GSSdata <- data.frame(GSSdata)
GSSdata <- tbl_df(GSSdata)
I accessed the variable HRS1 and filtered the data to remove the -1’s (inapplicable) and 99’s (no answer). I ran a table to confirm the values had been filtered out. Then I created a histogram of the HRS1 data.
GSSdatanew<-GSSdata %>% filter(GSSdata$HRS1 > 0, GSSdata$HRS1 < 99)
tabGSSdatanew <- table (GSSdatanew$HRS1)
GSSdatanew %>% ggvis(~GSSdatanew$HRS1) %>% layer_histograms()%>% add_axis("x", title="Respondents")%>% add_axis("y", title = "Hours")
Next I took the natural log of the newly filtered data and created a histogram.
nlHRS1 <- log(GSSdatanew$HRS1)
GSSdatanew %>% ggvis(~nlHRS1) %>% layer_histograms()%>% add_axis("x", title= "Respondents", title_offset=50)%>% add_axis("y", title = "Hours", title_offset=50)
I selected three independent variables from the GSS 2012 Cross-Section and Panel Combined data set, AGE, SEX and BORN. BORN tells whether the respondent was born in this country. Were you born in this country? Yes=1 and No=2, 9= No answer. I recoded category 9 to NA and ran a summary.
summary(GSSdata$BORN)
## Min. 1st Qu. Median Mean 3rd Qu. Max.
## 1.000 1.000 1.000 1.121 1.000 9.000
GSSdata$BORN<- ifelse (GSSdata$BORN == 9, NA, GSSdata$BORN)
summary (GSSdata$BORN)
## Min. 1st Qu. Median Mean 3rd Qu. Max. NA's
## 1.000 1.000 1.000 1.115 1.000 2.000 4
For AGE, I recoded 99 to NA and ran a summary.
GSSdata$AGE <- ifelse (GSSdata$AGE == 99, NA, GSSdata$AGE)
summary (GSSdata$AGE)
## Min. 1st Qu.
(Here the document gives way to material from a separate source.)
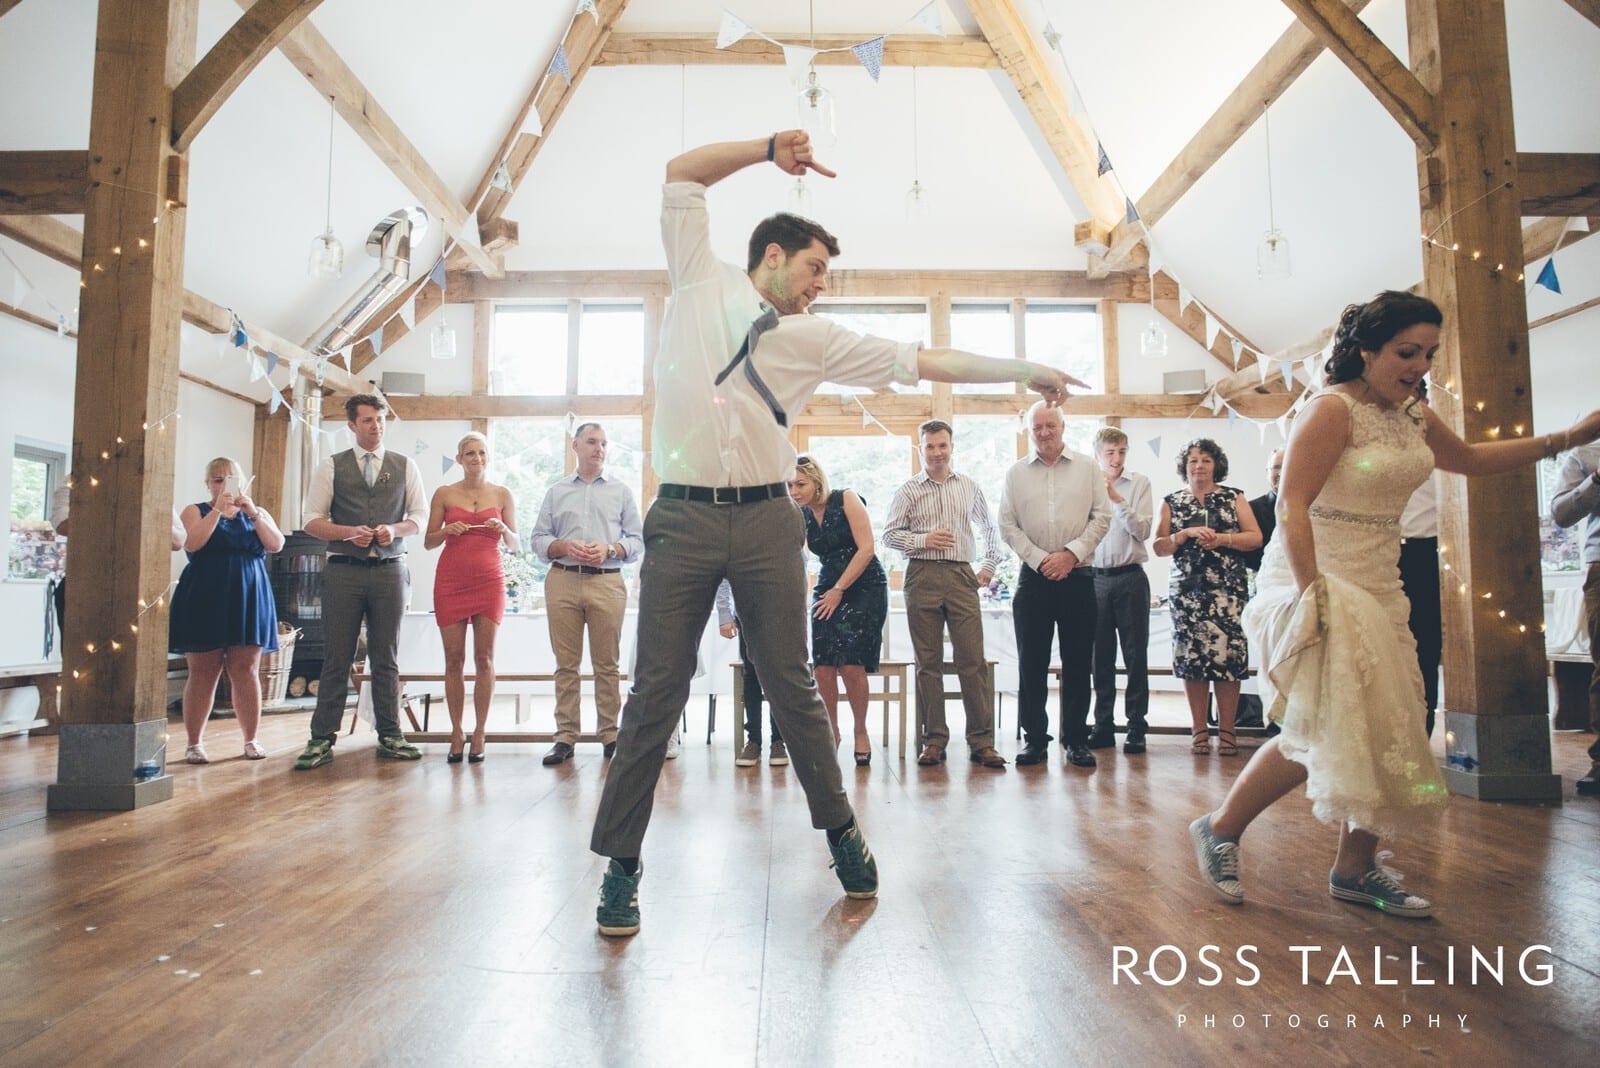 Coolest First Dance Ever Breakdancing Bride and Groom Jasmin and Ben Barnicoat_0007

Median Mean 3rd Qu. Max. NA's
## 18.00 35.00 49.00 49.59 62.00 89.00 51
For SEX, I also recoded 99 to NA and ran a summary. There were no “no answers”.
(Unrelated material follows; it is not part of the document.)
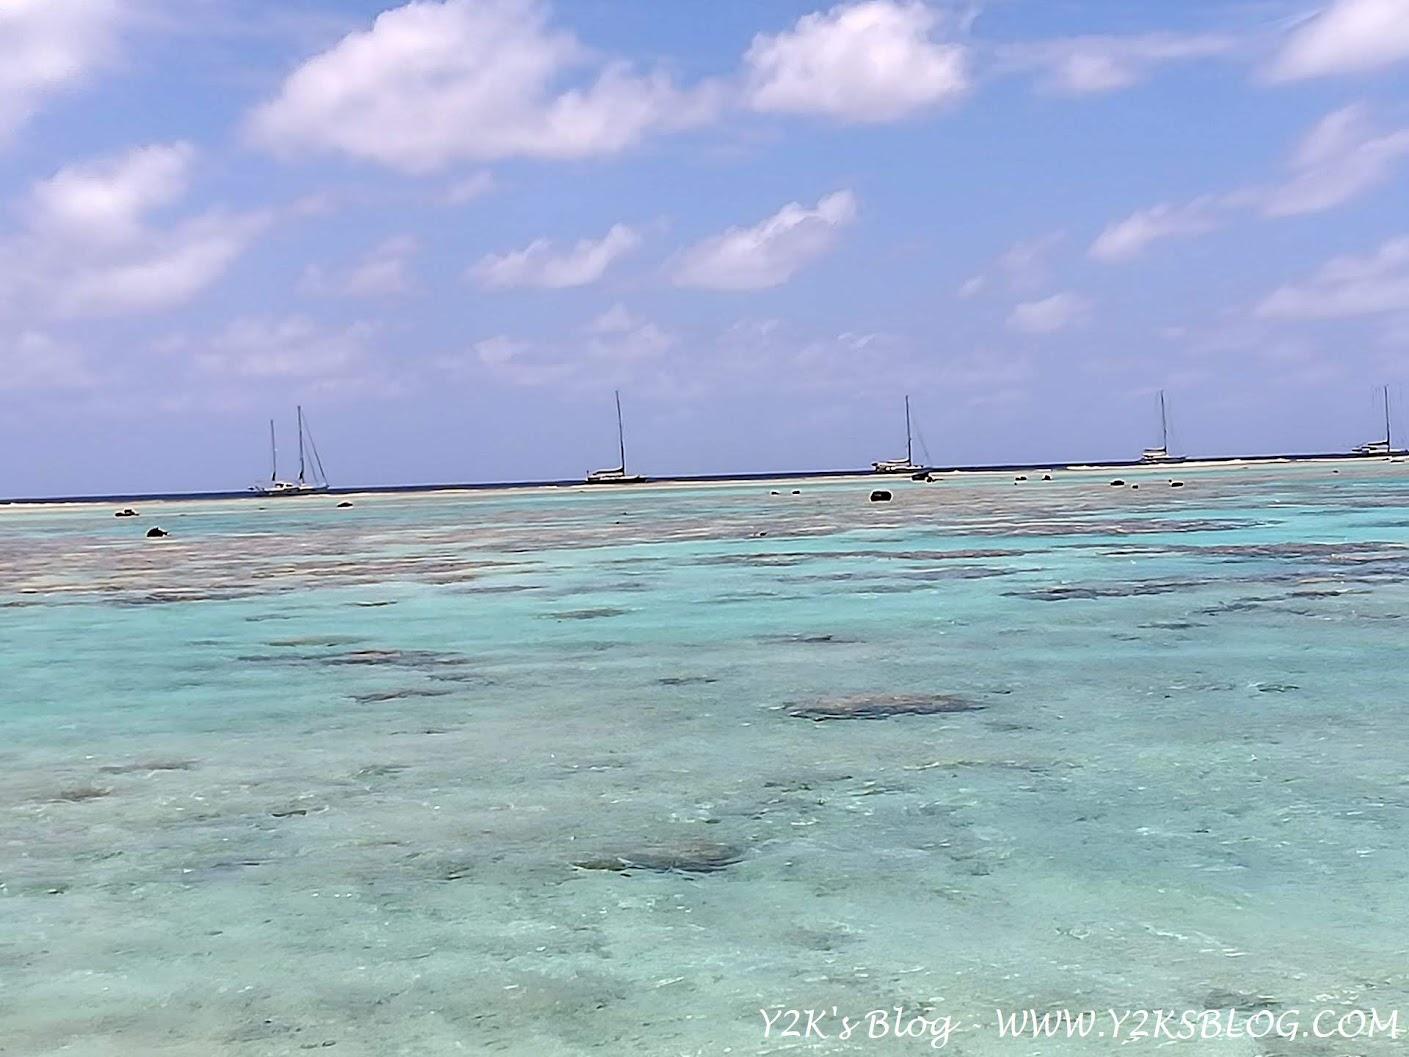 Le barche all'esterno del reef. Da SX: Little Fish, Cinnabar, Y2K, Smetana, Obiwan

GSSdata$SEX <- ifelse (GSSdata$SEX == 99, NA, GSSdata$SEX)
summary (GSSdata$SEX)
## Min. 1st Qu. Median Mean 3rd Qu. Max.
## 1.000 1.000 2.000 1.558 2.000 2.000
Next, I conducted an ordinary least squares regression analyses with HRS1 as the dependent Variable and AGE, SEX, and BORN as independent variables.
##
## Call:
## lm(formula = HRS1 ~ AGE + SEX + BORN, data = GSSdatanew)
##
## Coefficients:
## (Intercept) AGE SEX BORN
## 52.89746 -0.04054 -6.92199 -0.29241
##
## Call:
## lm(formula = HRS1 ~ AGE + SEX + BORN, data = GSSdatanew)
##
## Residuals:
## Min 1Q Median 3Q Max
## -43.264 -5.984 1.506 6.716 62.450
##
## Coefficients:
## Estimate Std. Error t value Pr(>|t|)
## (Intercept) 52.89746 1.55972 33.915 <2e-16 ***
## AGE -0.04054 0.01974 -2.054 0.0401 *
## SEX -6.92199 0.56756 -12.196 <2e-16 ***
## BORN -0.29241 0.77167 -0.379 0.7048
## ---
## Signif. codes: 0 '***' 0.001 '**' 0.01 '*' 0.05 '.' 0.1 ' ' 1
##
## Residual standard error: 15.16 on 2852 degrees of freedom
## Multiple R-squared: 0.05082, Adjusted R-squared: 0.04983
## F-statistic: 50.9 on 3 and 2852 DF, p-value: < 2.2e-16
## 2.5 % 97.5 %
## (Intercept) 49.83916552 55.955745610
## AGE -0.07924505 -0.001830301
## SEX -8.03485939 -5.809122363
## BORN -1.80550346 1.220684395
The estimate of the population coefficient is -0.04. The means that there is a negative relationship between AGE and HRS1 – as age increases, hours worked decreases.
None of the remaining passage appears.